As I learned from the German list
(, Mathematica
has the
DifferentialEquations`InterpolatingFunctionAnatomy` package to
compensate for this unexpected complication. It does the same thing and
in addition guaranties higher compatibility between different
Mathematica versions. Further details can be found at .
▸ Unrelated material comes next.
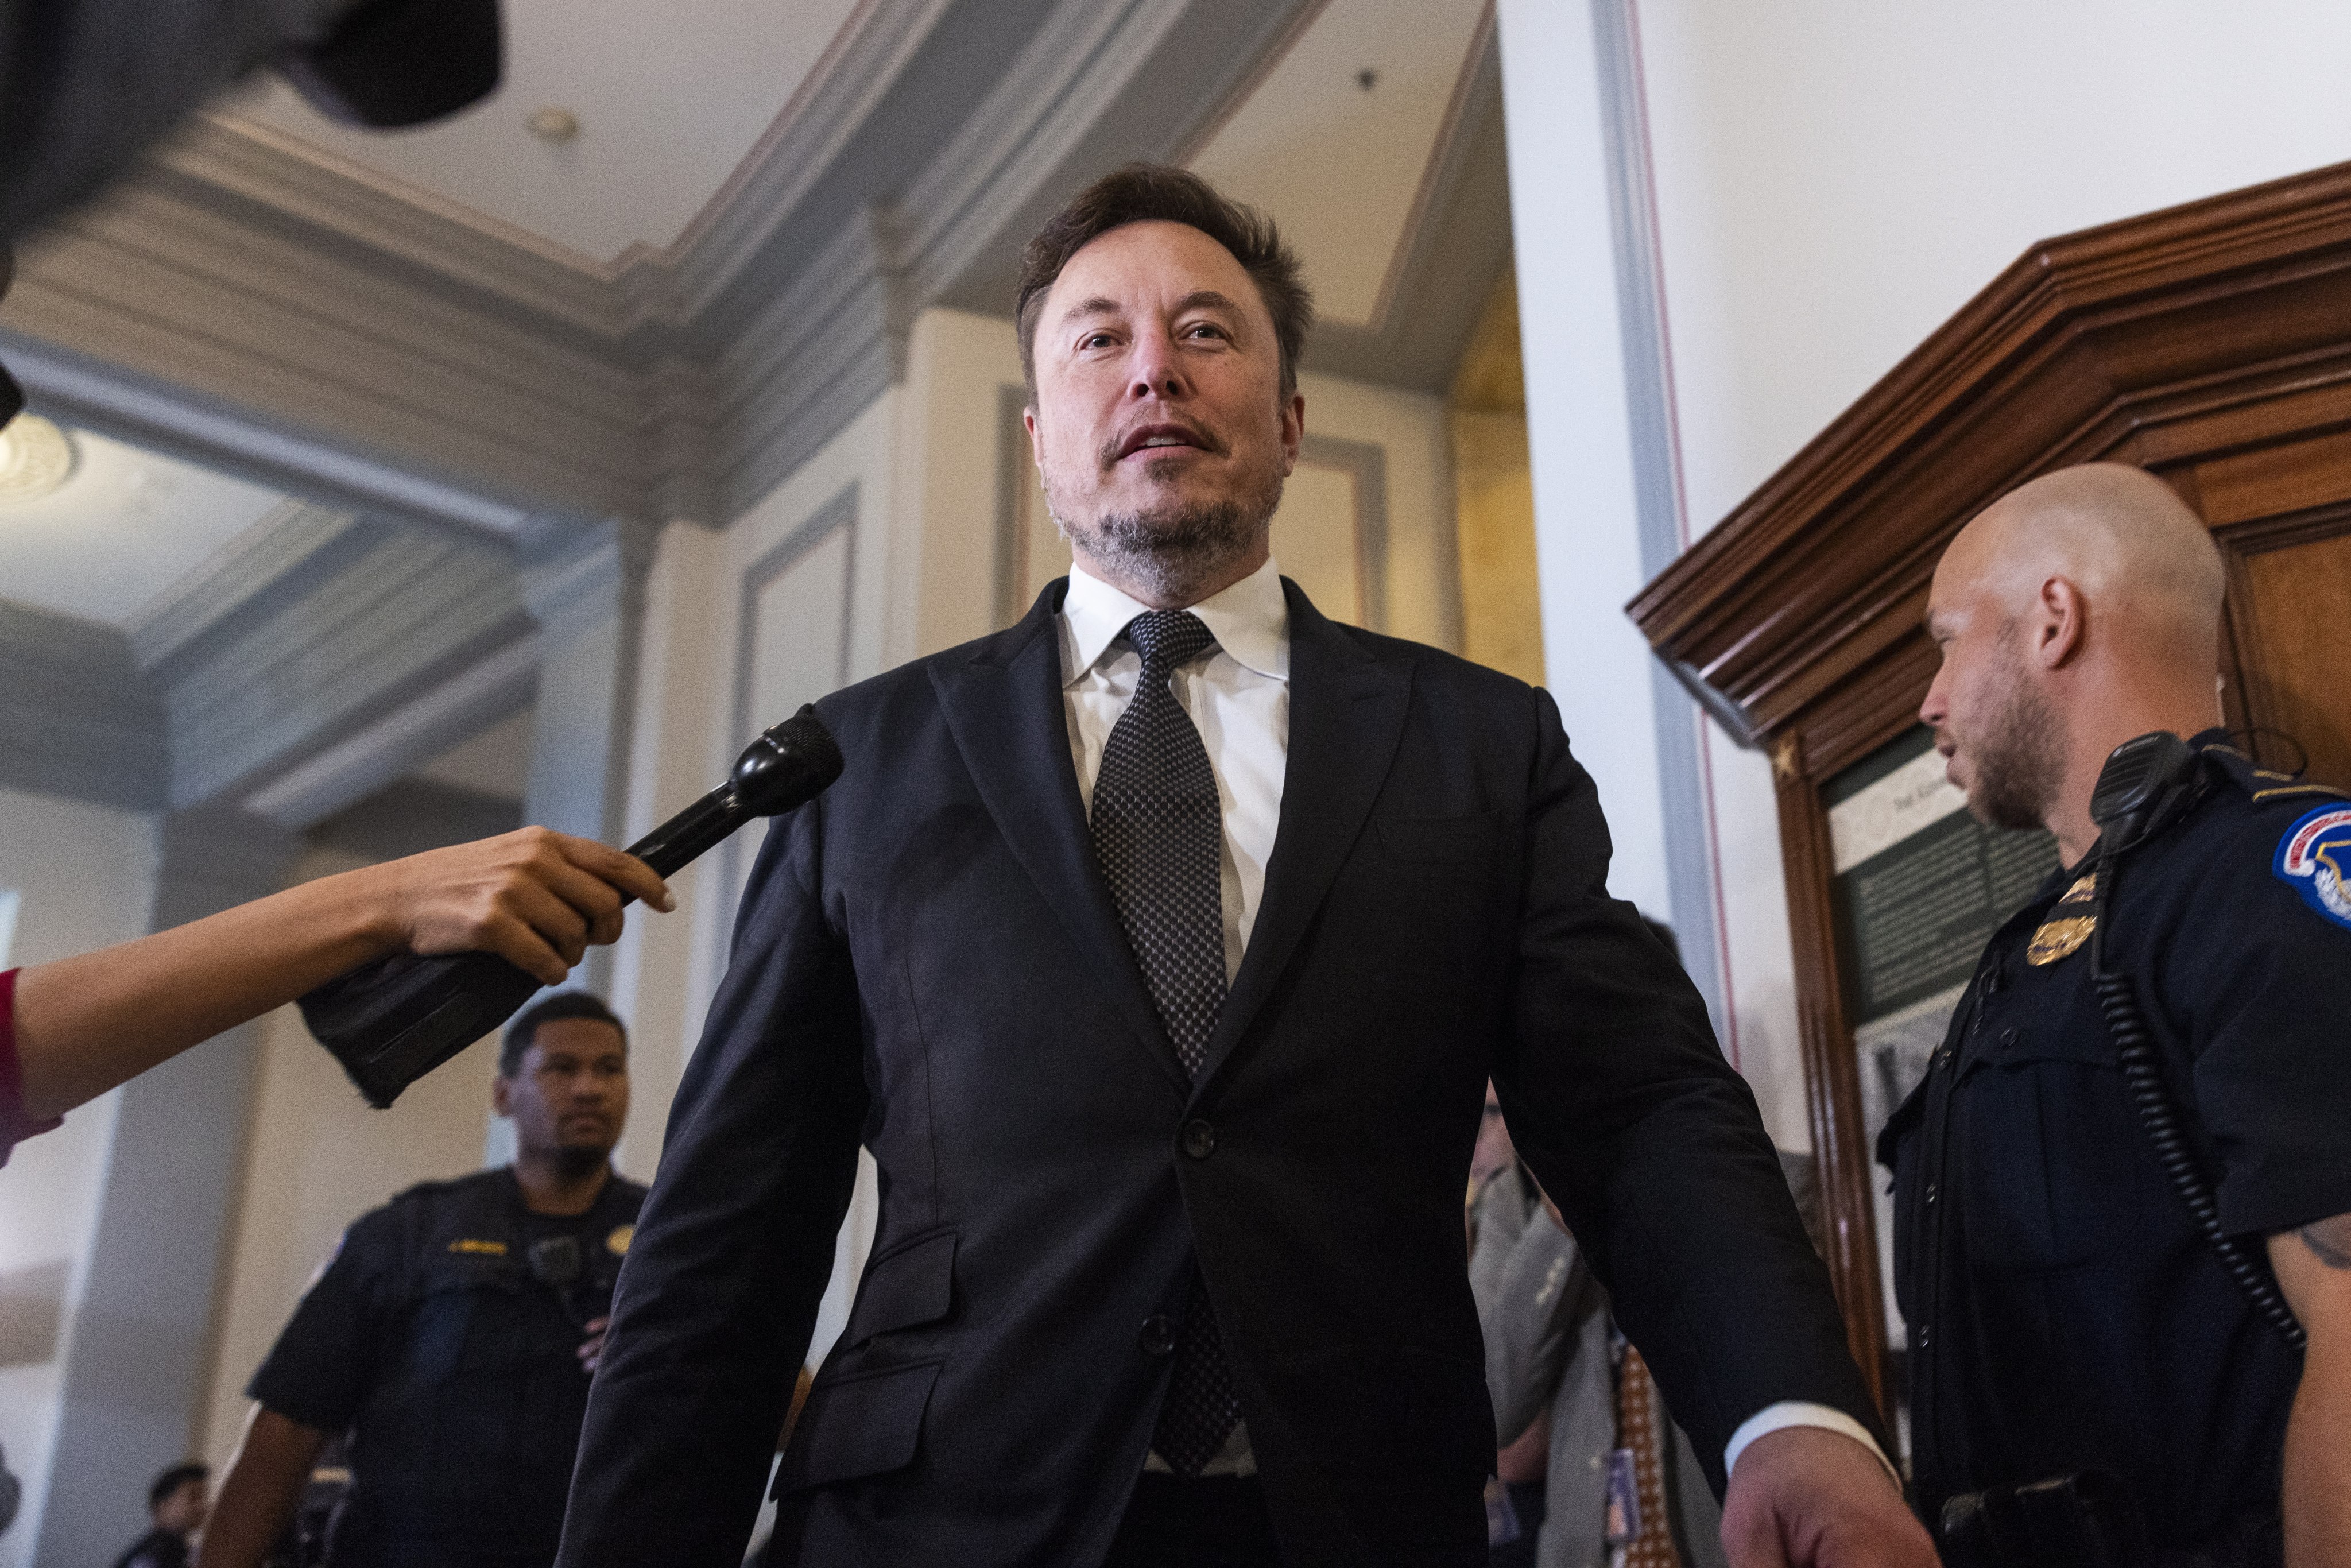 Elon Musk joins other tech leaders attending the US Senate bipartisan Artificial Intelligence Insight Forum on Capitol Hill on Wednesday. Photo: EPA-EFE

However, since in Mathematica terminology points are referred to as
"coordinates" internet searches for point removal fail, too.
Therefore I will add a solution for point removal using Mathematica's
package below, to make others find it more easily.
The example below removes points from the function f[r] and reproduces
an interpolating function of the remaining points with the original
function values and slopes:




n = 6; y = RandomReal[{-1, 1}, n];
f[r_] = Interpolation[y][r];

points = Select[First[InterpolatingFunctionCoordinates[f[r][[0]]]],
   Not[.4 n < # < .7 n] &];
(*points = Select[f[r][[0]][[3, 1]], Not[.4 n < # < .7 n] &];*)

f2[r_] = Interpolation[
    Transpose[{Transpose[{points}], f[points], f'[points]}]][r];

 Plot[f[r], {r, 1, n}, PlotRange -> {{1, n}, {-1.5, 1.5}}],
 Plot[f2[r], {r, 1, n}, PlotStyle -> Hue[0.9]],
 ListPlot[y, PlotStyle -> PointSize[0.03]],
 ListPlot[Transpose[{points, f[points]}],
  PlotStyle -> {PointSize[0.02], Hue[0.9]}]]


Of course your expression is even shorter and doesn't require the
"InterpolatingFunctionAnatomy" package. It also works for me using
Mathematica 7 and so I added it as a comment for an alternative method.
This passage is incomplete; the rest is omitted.